MR DAVID HAYES, MR BRINLEY SALZMANN, MRS SUSAN GRIFFITHS AND MR BARRY FLETCHER

7 DECEMBER 2006

  Q40  Mike Gapes: For good reasons.

  Mr Hayes: Yes, for good reasons. We are not seeking the capability to export weapons of mass destruction or weapons associated equipment. The relaxation is purely in the area of handling, detection and identification.

  Q41  Mike Gapes: You know as well as I do that something becomes a weapon when the components of the weapon are weaponised (when it is put together) but actually you can have a lot of components which in themselves are not weapons, they only become a weapon when all the different pieces of the jigsaw are put together.

  Mr Hayes: True.

  Q42  Mike Gapes: So we need sometimes to stop the pieces of the jigsaw being put together by stopping access to some parts to some people.

  Mr Hayes: I would suggest that is exactly what the licensing system is for. Theoretically allowing something under the control does not remove the check of the licensing system.

  Mike Gapes: We will wait to see if the review happens and, if so, what it comes up with.

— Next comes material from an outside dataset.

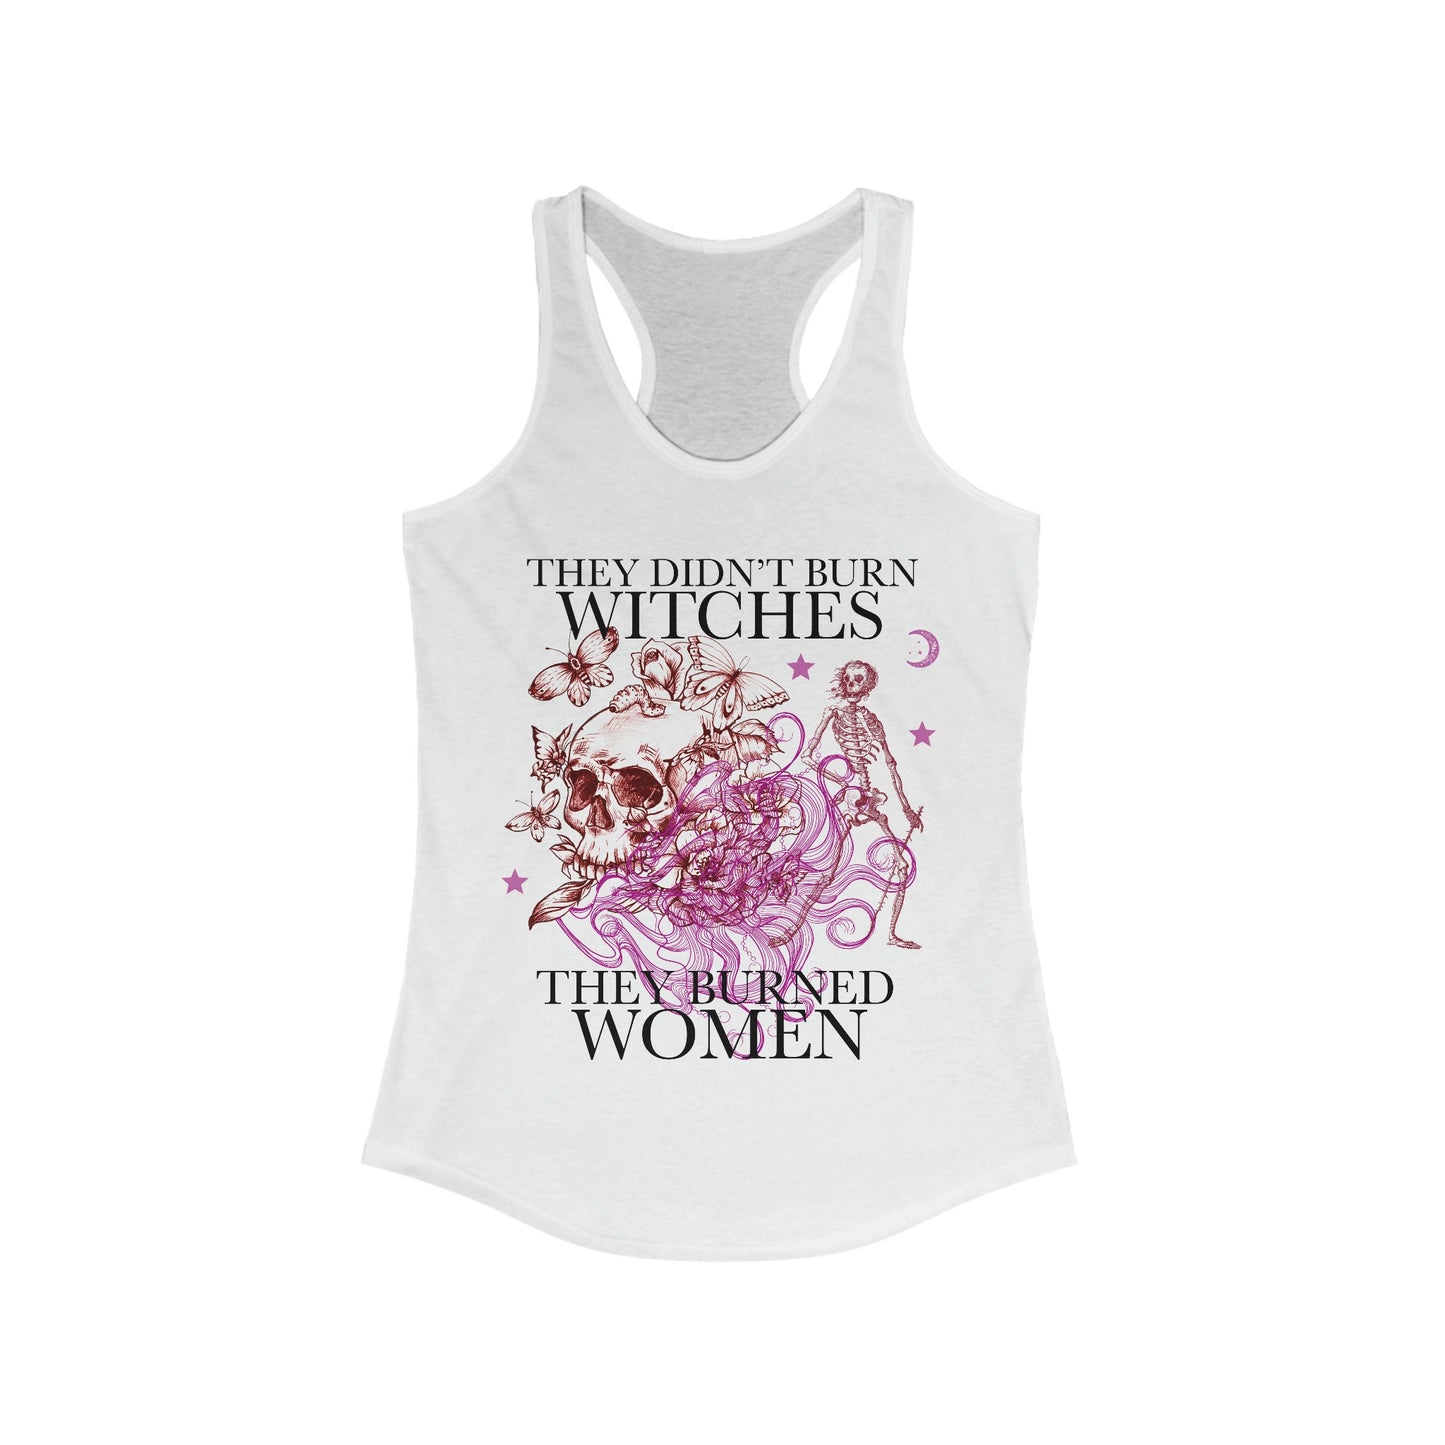 They didn't burn witches they burned women tank top

  Q43  John Bercow: You seem to extend catch-all clauses from their current application to weapons of mass destruction to items to be used for torture. The question is the same as I posed to the earlier set of witnesses, namely that the control that applies currently to WMD merely anticipates situations in which authorities seek to prevent a transfer of an unlisted item or to prosecute those responsible for its export where the clear intention and knowledge can be demonstrated. How effective, in your judgment, would a catch-all clause drafted along those lines be in preventing the export of items used for torture?

  Mr Hayes: As someone who regards DIY as torture in its own right, very effective. Seriously, the way industry would envisage this operating is very much along the lines of the existing WMD end-use control. To take the scenario of the building company used as a front, it is probably very unlikely that the British exporter would know that that building company was a front. There is a greater possibility that the intelligence services might know that that company was a front. We would envisage a scenario where the Government notifies the exporter—as is the case within WMD—that it is making a particular export licensable under the end-use control because it has reason to believe that the goods are going to be used for the purposes of torture. At that point the transaction becomes licensable.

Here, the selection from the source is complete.